Rare cell types play a pivotal role in biology due to their potential significance in various physiological and pathological processes. Identifying these rare cell types from organism is crucial for uncovering novel insights into disease mechanisms. In recent years, the development of single-cell RNA sequencing technology (scRNA-seq) has made breakthroughs in understanding much deeper into cell types across biological systems.
However, due to highly unbalanced nature of cell type composition, it remains a challenge to identify both common and rare cell types accurately. To address this challenge, we developed an ensemble-based approach for rare cell types, called RareEnsemble. This method utilises both deep generative modelling (scVI) and Bayesian approaches to improve the detection task.
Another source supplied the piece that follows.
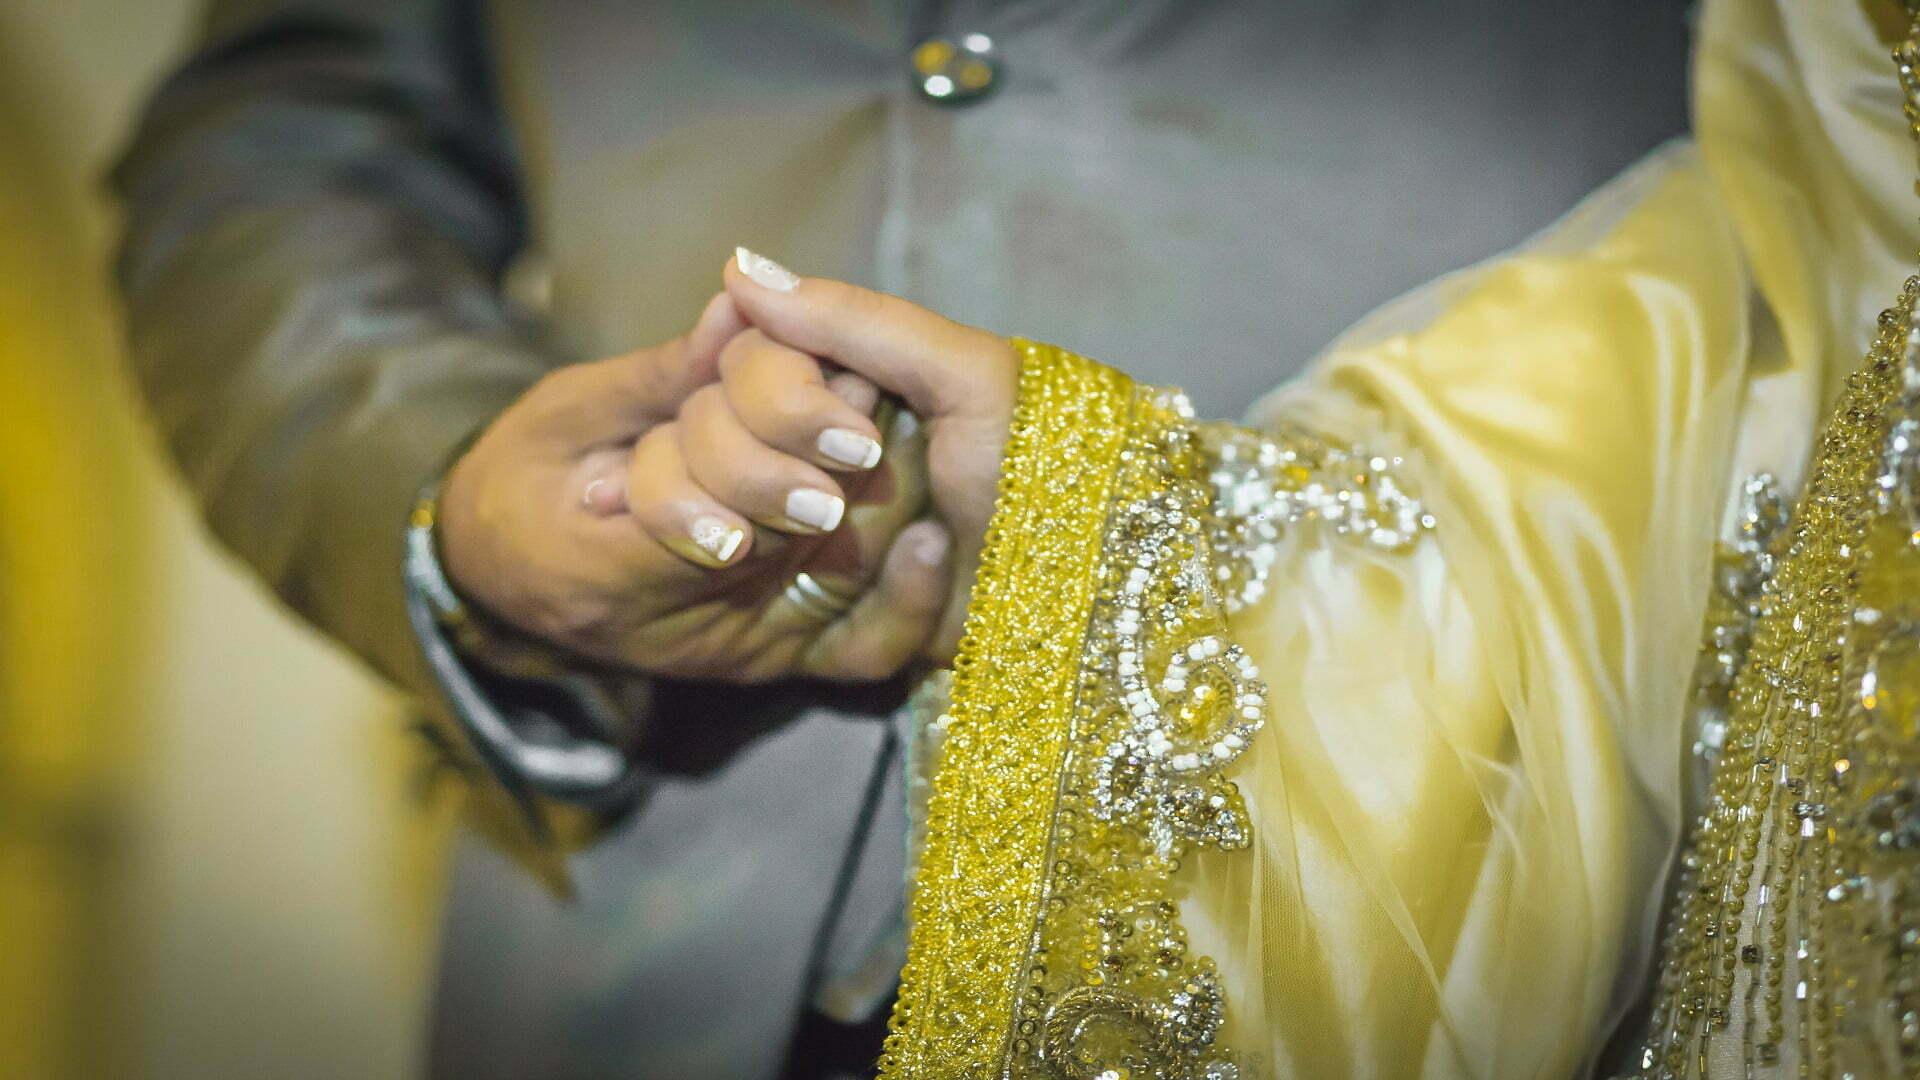 الترخيص بإقامة الأعراس والحفلات مستبعد

Briefly, we hypothesise that the cell-cell distance of a scRNA-seq dataset with multiple cell types calculated by scVI should follow a Gaussian Mixture Model (GMM) with two components. The first component represents the cell-cell distance within the same cell type, and the second distribution reflects the distance for cells across different cell types. Based on this assumption, we classify cells into highly reliable small cell groups through ensembled outcomes then merge relatively larger cell groups based on estimated distance distribution to main cell types. Following that, we construct a Bayesian model to test the remaining cells to find robust rare cell groups.
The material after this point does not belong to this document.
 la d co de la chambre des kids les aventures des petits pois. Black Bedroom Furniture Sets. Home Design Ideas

We systematically evaluated the performance of different distance calculation methods including spatial information-based Euclidean distance, City block distance, and orientation-based cosine distance in integrated clustering tests. We investigated methods for obtaining the most reliable small cell groups through binarization based on ensemble and feature information. Finally, we implemented RareEnsemble across different biological and simulated datasets. RareEnsemble is a robust method to address the long-standing need to reliably find rare cell types and we expect it to be broadly applicable to multiple systems and projects.